Pros and Cons of an Existing Home
- Buyers know the cost. After receiving financing approval, buyers can streamline the process and buy a home within a specific price range because they know their budget. All the numbers are on the table, and it’s much simpler to plan financially.
- It’s move-in ready. Buyers only have to wait a few months, sometimes less, to move in after purchasing an existing home. Finding the ideal home may take some time, but it won’t be long before they are settled.
- The landscaping is mature: There’s a good chance that some landscaping may already be established around the house, although it depends on the type of home and previous owner.
- Homes are often in preferred locations. Since there is less land available in inner suburbs and urban cores for new development, most newly constructed homes are located farther from these areas. An existing home might be a better option for someone who wants to be close to a city or amenities like cafes, shops, and restaurants.
- Neighborhoods are already established. The school system, the neighborhood amenities, and the sense of community are top considerations for many homebuyers. When buying an existing home, they’re purchasing in a neighborhood that already has established commuter routes, shopping centers, parks, and schools. Many of those amenities have yet to be constructed in new communities.
- The floor plans are dated. New homes are built to match the preferences of today’s homebuyers. Older houses may not have an open kitchen, for example, and may have smaller closets, smaller windows, and a more formal, closed-off floor plan.
- Repairs may be needed in the near future. In an older home, the major components may be older. Even if the home passes the inspection, the buyer might spend thousands to replace the air conditioning system or roof in a few years. The average appliance lasts about ten years, though some last longer, according to Consumer Reports.
- Customizing is harder. A newly-built home makes it simpler to add a finished attic or sunroom, or customize the kitchen’s cabinets and countertops. It can be difficult and expensive to remodel an existing home or change its structure.
- Utility bills are higher. An older home may have an older heating and cooling system with sub-standard insulation and less energy-efficient windows. That means the home may use more energy than necessary, resulting in high utility costs.

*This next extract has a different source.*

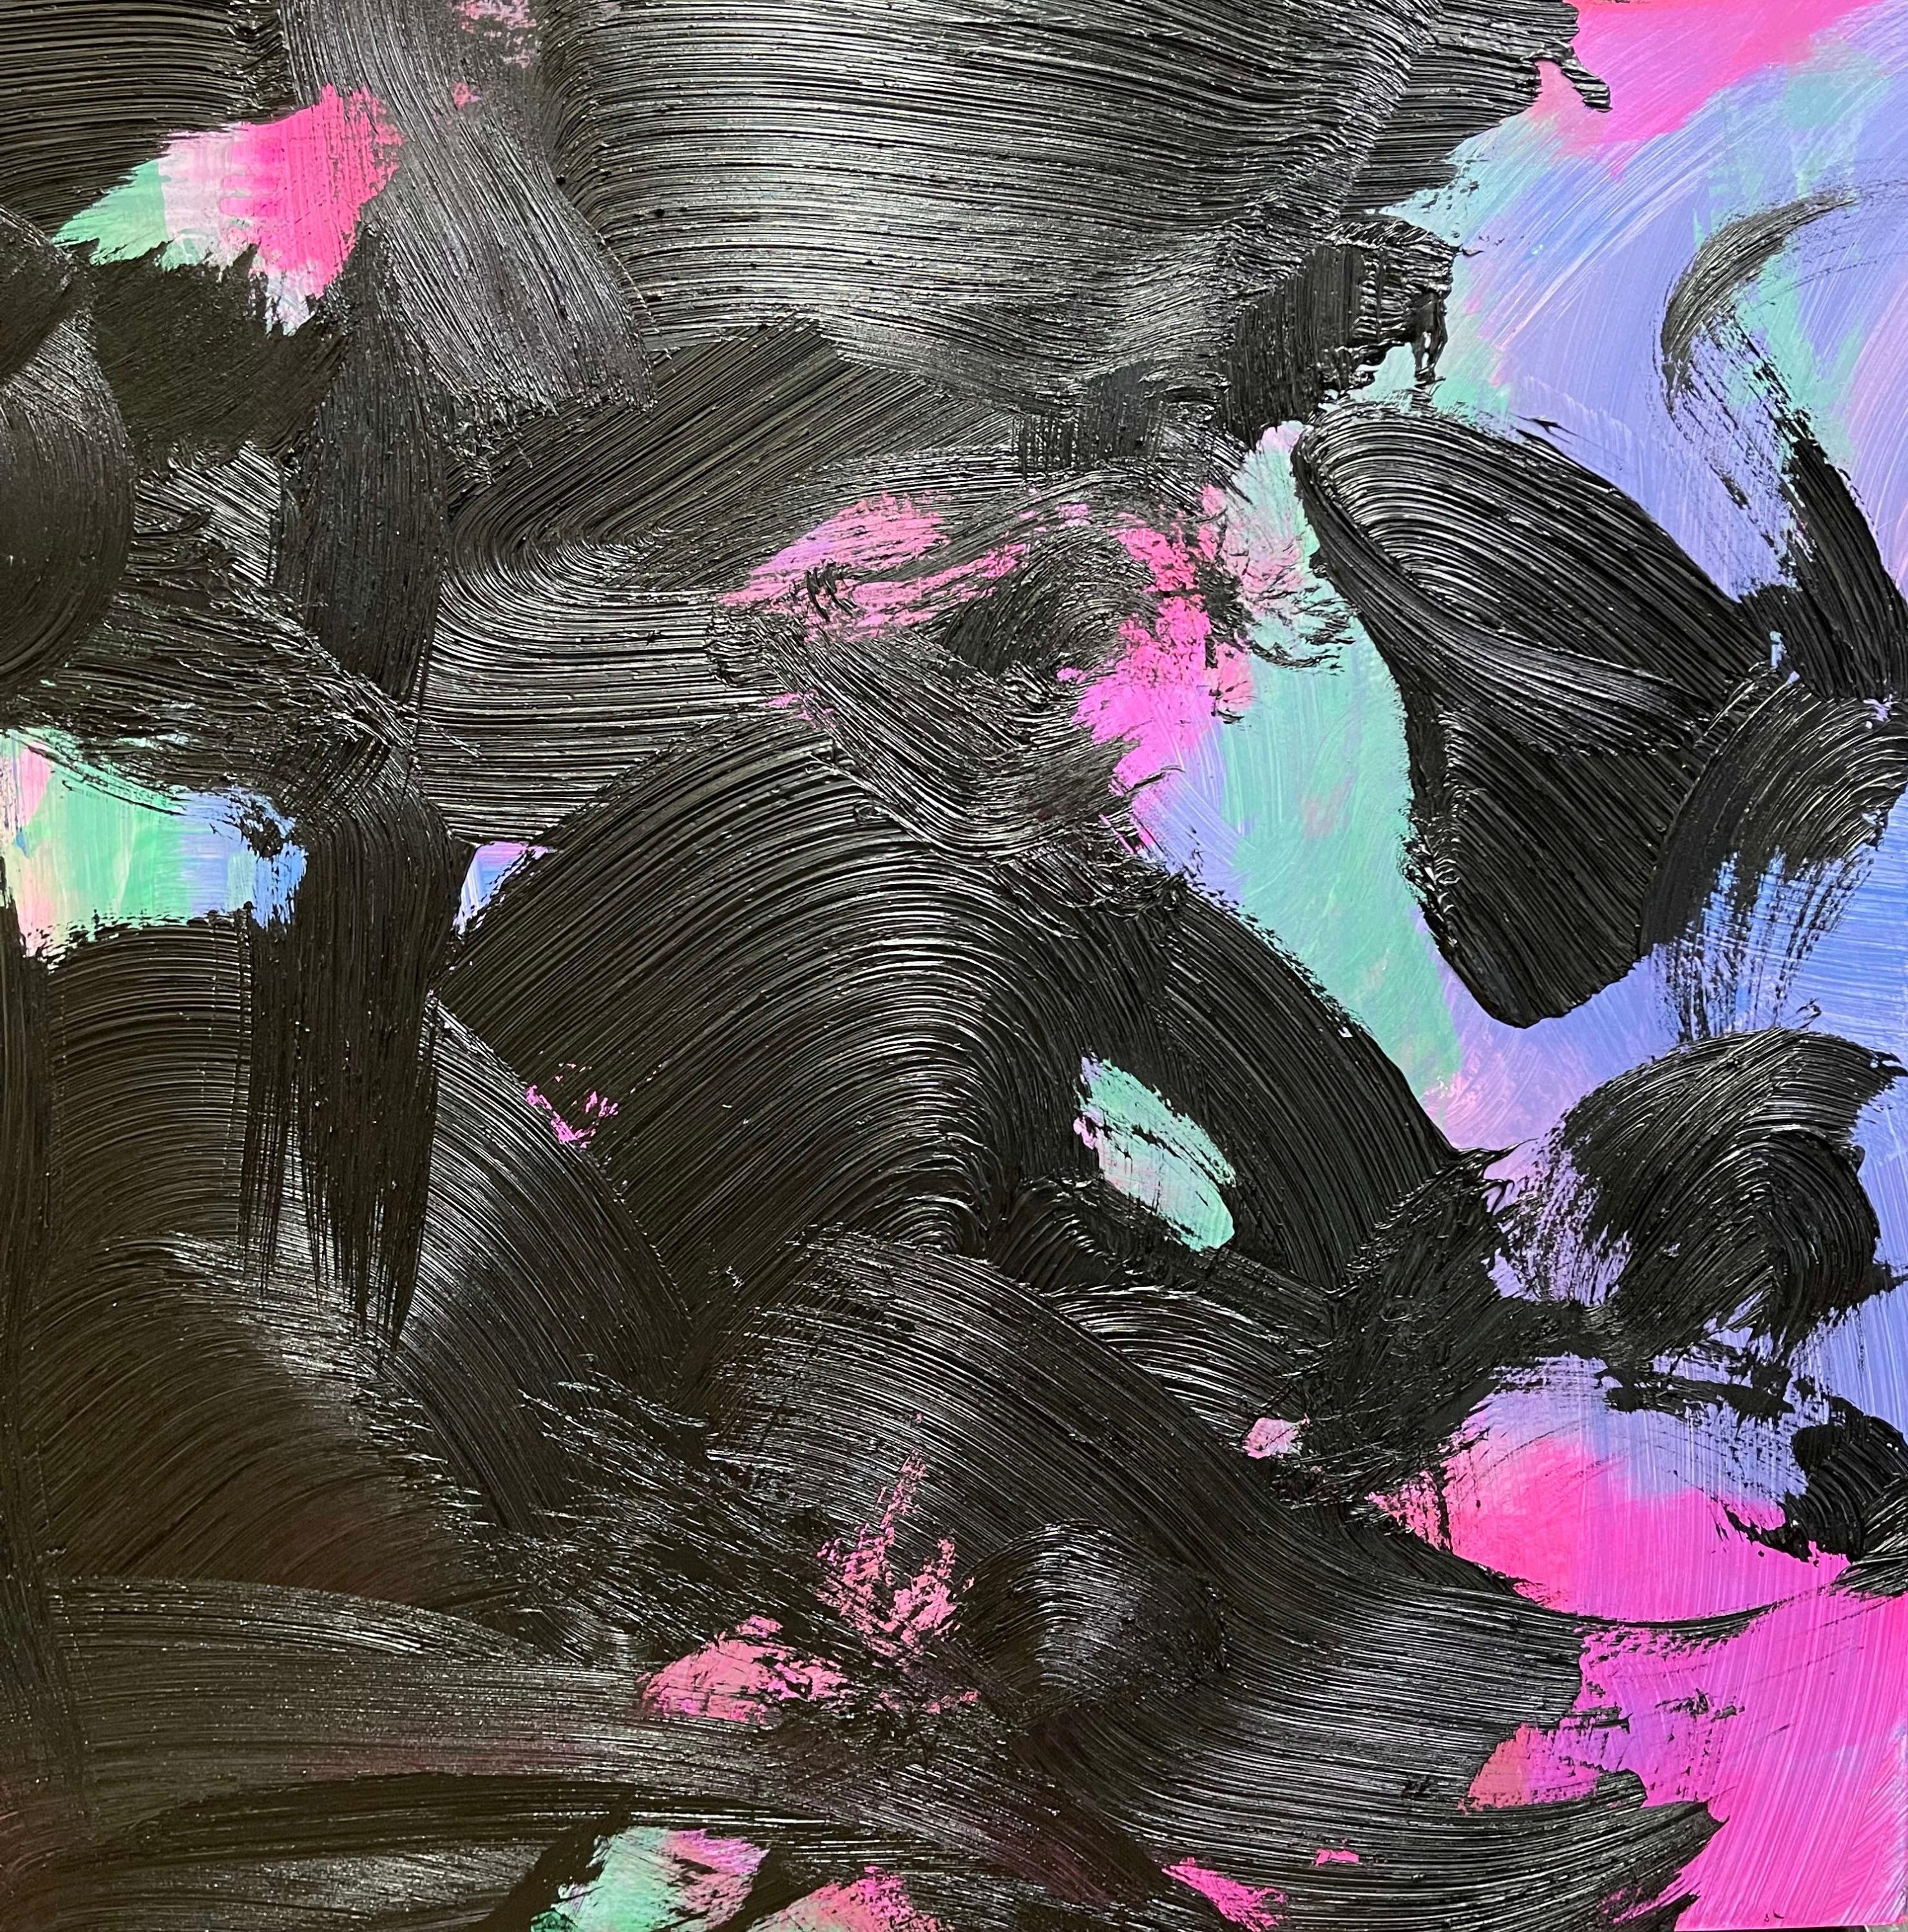 Undercolor 5-15-06 - Black, pink and purple abstract oil painting

Bottom Line: Buying vs. Building a House
Deciding whether to construct a new house or purchase an existing one can be challenging. Both options have advantages and disadvantages, so the decision will largely depend on the buyer’s particular circumstances.
For buyers who want to customize their home and choose a specific location, building is a great option if they can wait for construction to be completed. For buyers who need to move more quickly, want an established neighborhood, or want to save time, effort, and money, buying an existing home is likely the best route to take.